Mummy was shaking him, for Skyler could not wake up.

Mummy was agitated, and seemed to be blaming him, and Skyler tried to wake up but could not for his head was heavy and leaden and his eyelashes were stuck together like glue.

“Skyler, please! I can’t find Bliss.”

In the night, Bliss had pushed open Skyler’s door. This was the third time that Bliss had wakened Skyler that week and Skyler resented his sister and pulled a pillow over his head pretending not to hear her stricken voice
Skyler! Something happened in my bed a bad accident in my bed
but peevish Skyler refused to respond this time, in disgust muttering
Go away Bliss! I’m not getting up clean your bed yourself
afterward unable to recall if this had truly happened or if it had been a dream for earlier that night when Skyler had just gone to bed (at about 9
P.M.
) Mummy came into his room bringing Skyler his bedtime pills which (Skyler was sure) he’d already taken from Lila as he did every night, with warm milk and cookies or Lila’s special warm applesauce sprinkled with cinammon which both Skyler and Bliss loved. Yet there came Mummy teasing: “Skyler, I know your tricks! You and your sister both, you hide your pills in the side of your mouth and when no one is watching you spit them out, you and your devious sister both, you must be watched.” Mummy laughed, Mummy’s eyes were lustrous as reflections in glass. “But you can’t help it, you’re his children. And you are his son.
He
named you.” And so Skyler had taken the pills (again) except it seemed to him that there was one extra pill, a large white capsule he didn’t recognize for it was easier to take these pills than to rouse Mummy’s anger
at this time of night. And later wakened by a sharp pressure on his bladder, a terrible need to pee, he’d managed to stumble from bed and into the hall and into the bathroom and on the way back to his room he saw a light beneath the door of Mummy’s private room and like a boy in a dream not wholly his own he went to the door that was ajar pushing it open hesitantly seeing Mummy in her silky champagne-colored nightgown and over it the warm white terry cloth bathrobe Mummy wore when Daddy was not home for this bathrobe made Mummy look fat and Mummy did not want Daddy to see her in it.
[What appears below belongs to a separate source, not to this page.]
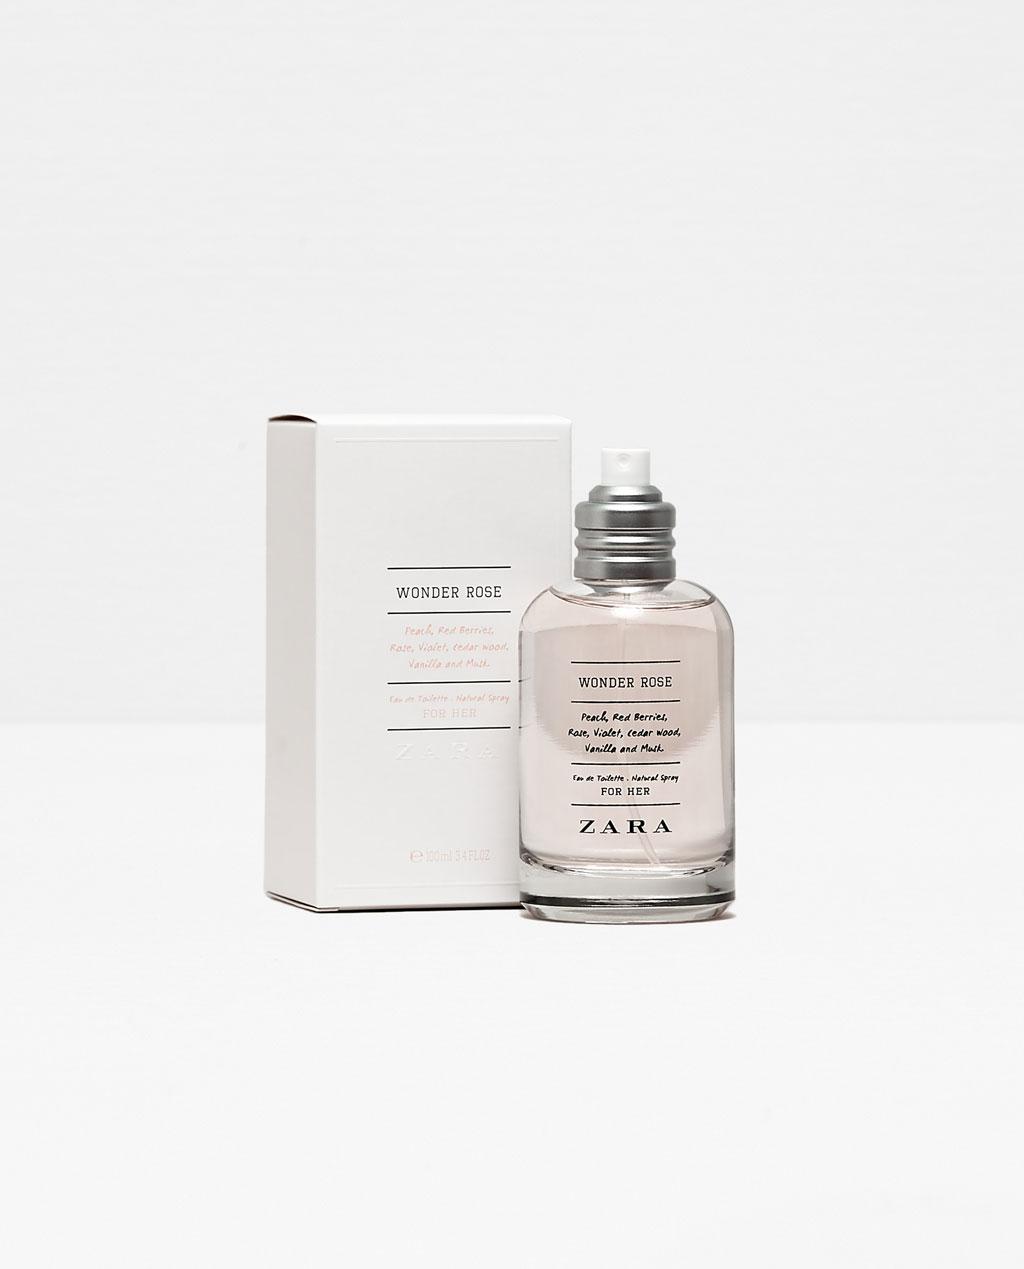 Wonder Rose Zara Perfume A Fragrance For Women 2016
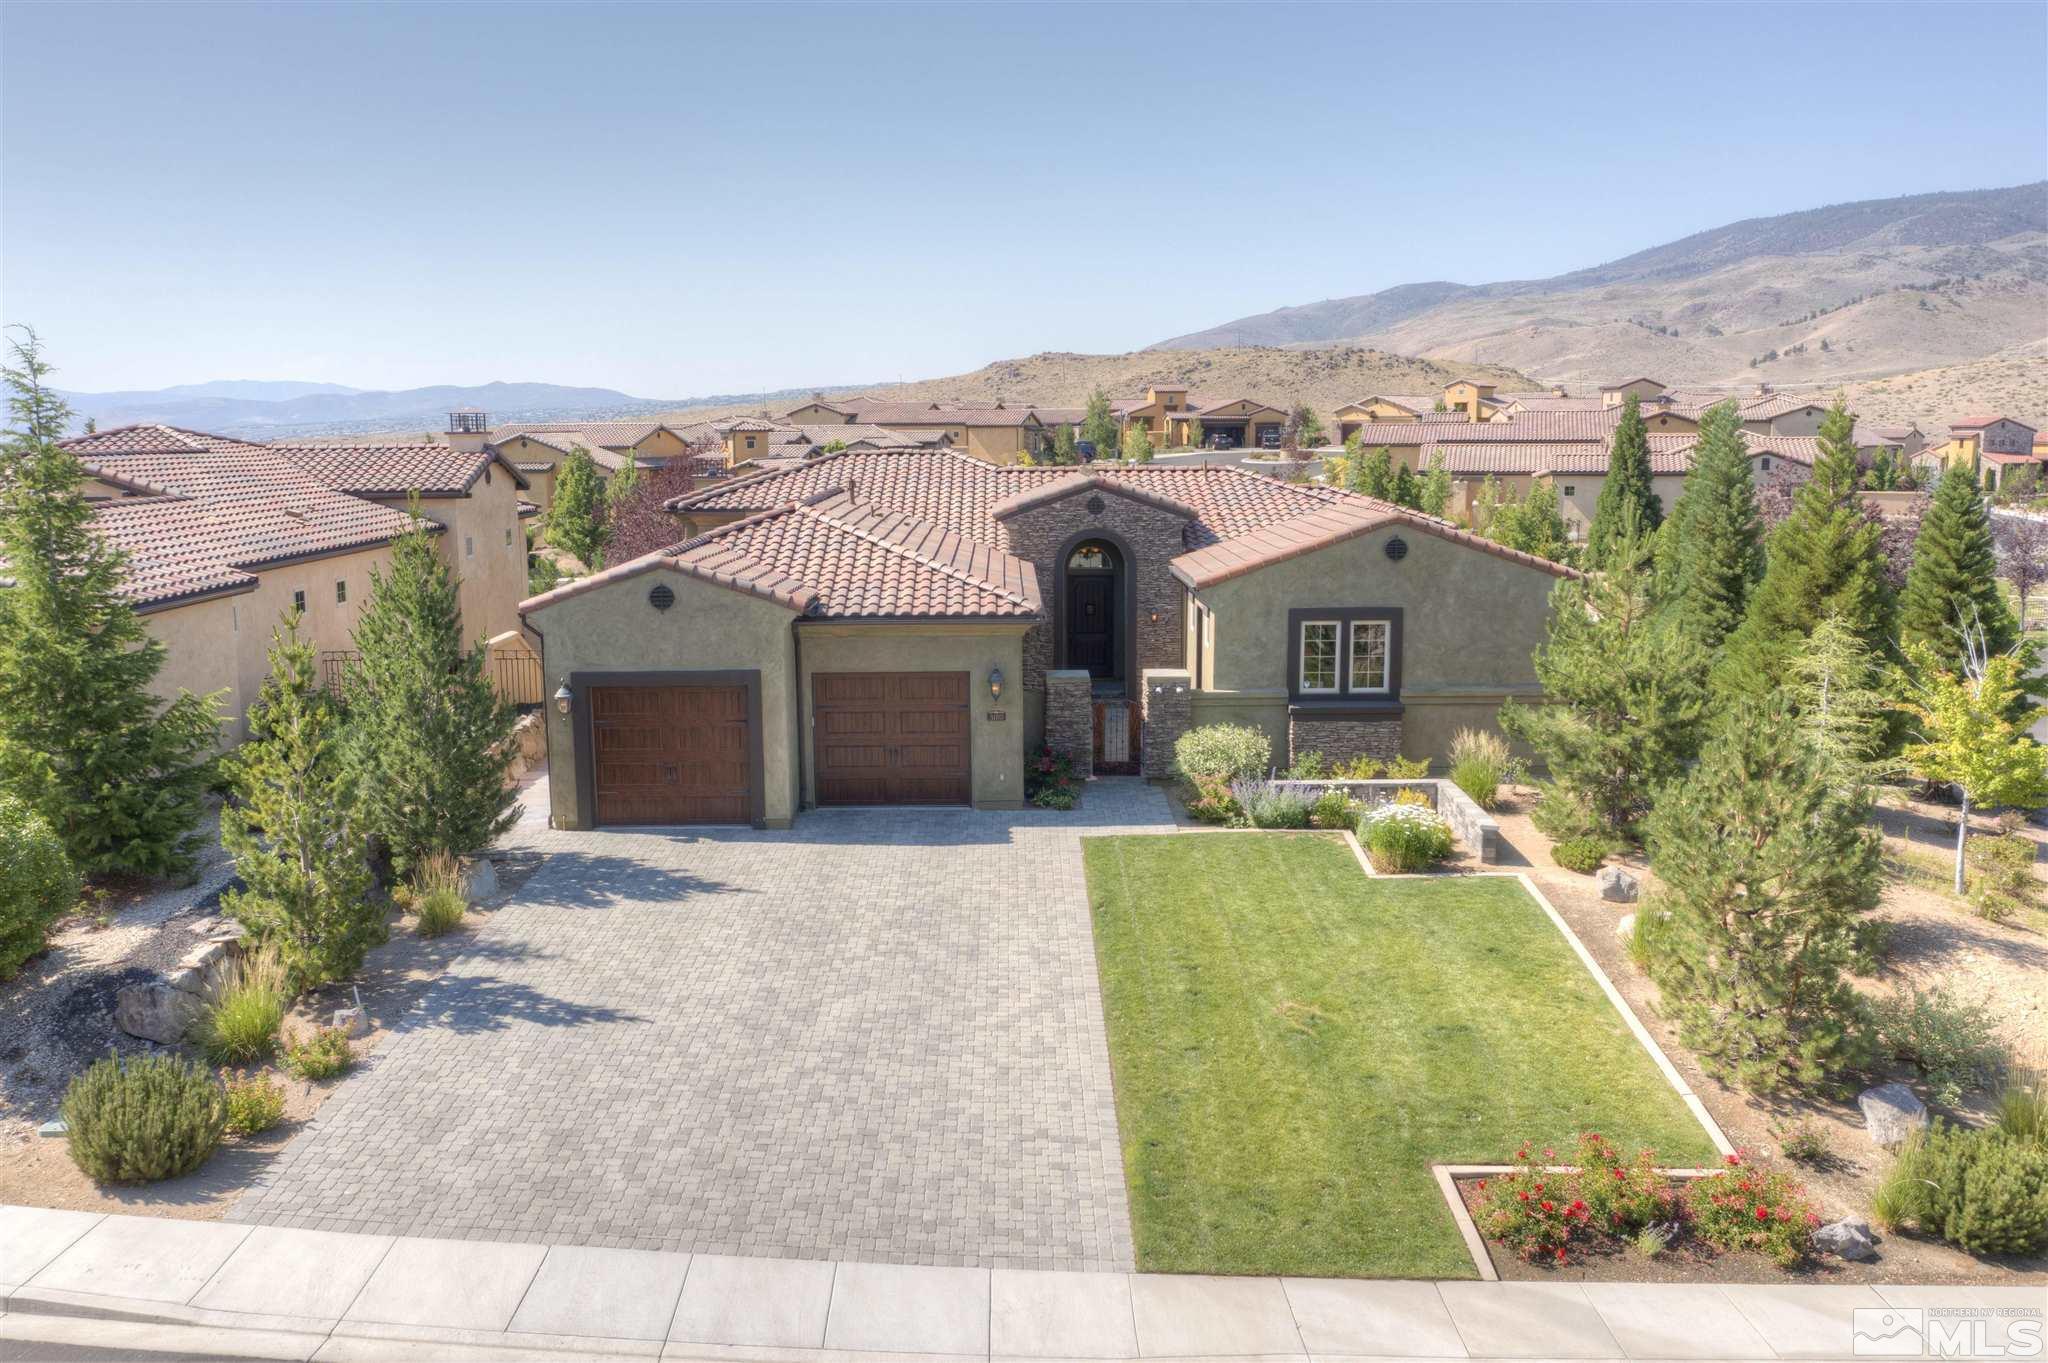 Image for 3180 Vista Lucci, Reno, NV 89519

Mummy was at her desk leaning on her elbows frowning and muttering to herself, bent over a sheet of paper, gripping a pen as Bliss gripped a pen in her right fist printing in block letters Skyler glimpsed upside down from several feet away. Mummy glanced up with a startled smile: “Why, Skyler! What are you doing up? What time is it? You little—owl.” Mummy spoke playfully though Skyler could see that she was annoyed by the interruption; and Mummy did not like to be spied upon by her children, not ever. On the desk beside Mummy’s sprawled arms was a dark amber bottle with a bright green parrot label and a small container of white pills. “As long as you’re up, sweetie—how d’you spell ‘theaten’?”

“‘Theaten’?”

“Yes. ‘Theaten.’”

“Do you mean ‘threaten,’ Mummy?”

Slowly Mummy blinked as if confused then said, shrugging: “Oh, never mind! You male Rampikes are so smart, aren’t you. ‘Y’ chromosome up your ass.” Mummy splashed amber liquid into a glass, and drank, and laughed, and waved Skyler with a negligent gesture.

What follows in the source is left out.